I’ve read all the Midsomer Murders, Inspector Lynley, and Grantchester books. It’s very soothing to watch them on a screen, too. Now CrimeReads has really delivered the goods: Quaint English Village Murder Mystery TV Shows With a Million Seasons, for Your Binge-Watching Pleasure During These Hard Times
In the Moravia area of the Czech Republic, people can get face masks from a vending machine! Proceeds from the sale of the masks are being donated to charity. (This is significant because in the Czech Republic, we’re required to cover our faces when we go outside our homes.)
From time to time, LitHub publishes close readings of classic literature, and I love them.
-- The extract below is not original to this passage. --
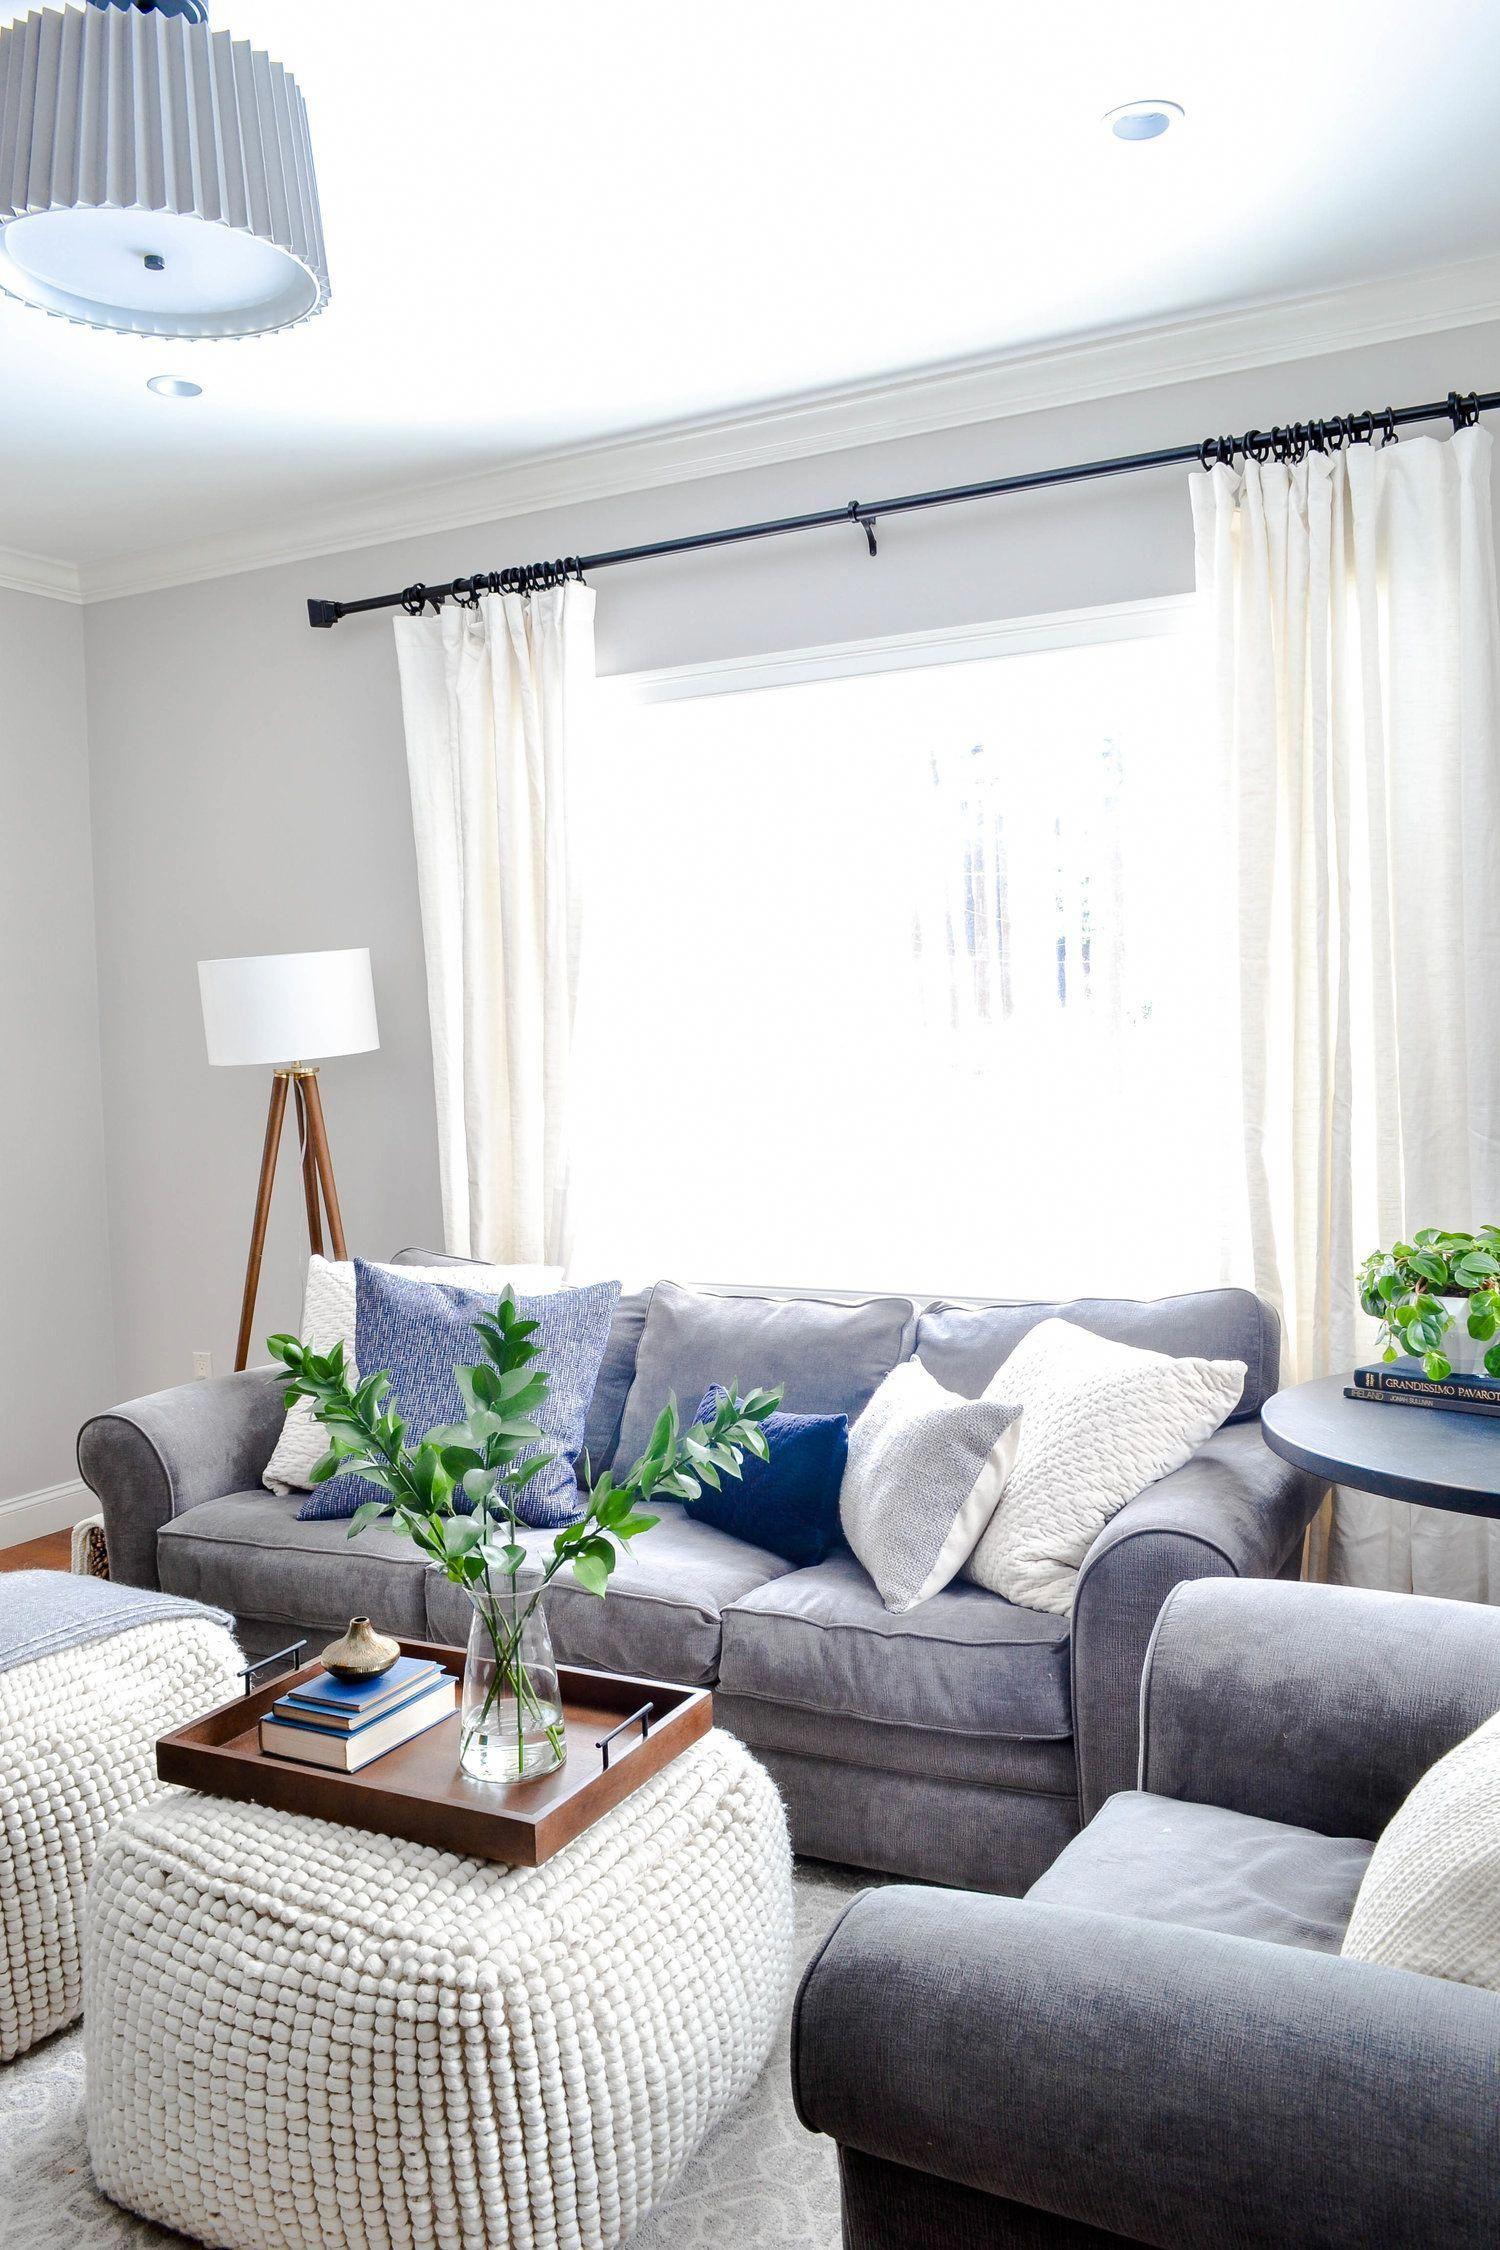 50 Cozy Blue Living Room Design Ideas In 2020 Blue Living Room

Reviewing an excerpt of a well-written book line by line is fascinating. The latest installment disects the prologue of Donna Tartt’s The Secret History. (I also really enjoyed this look at the first paragraph of Shirley Jackson’s We Have Always Lived in the Castle.)
This is basically a dictionary of happiness, and that makes it very good, indeed. Tim Lomas, a lecturer in applied positive psychology, created the Positive Lexicography Project. It collects words from foreign languages that describe ‘positive traits, feelings, experiences, and states of being’ that don’t have direct counterparts in English. On the website, you can click around to see words in different categories or explore by language. (The New Yorker has a nice piece about the project’s origins.)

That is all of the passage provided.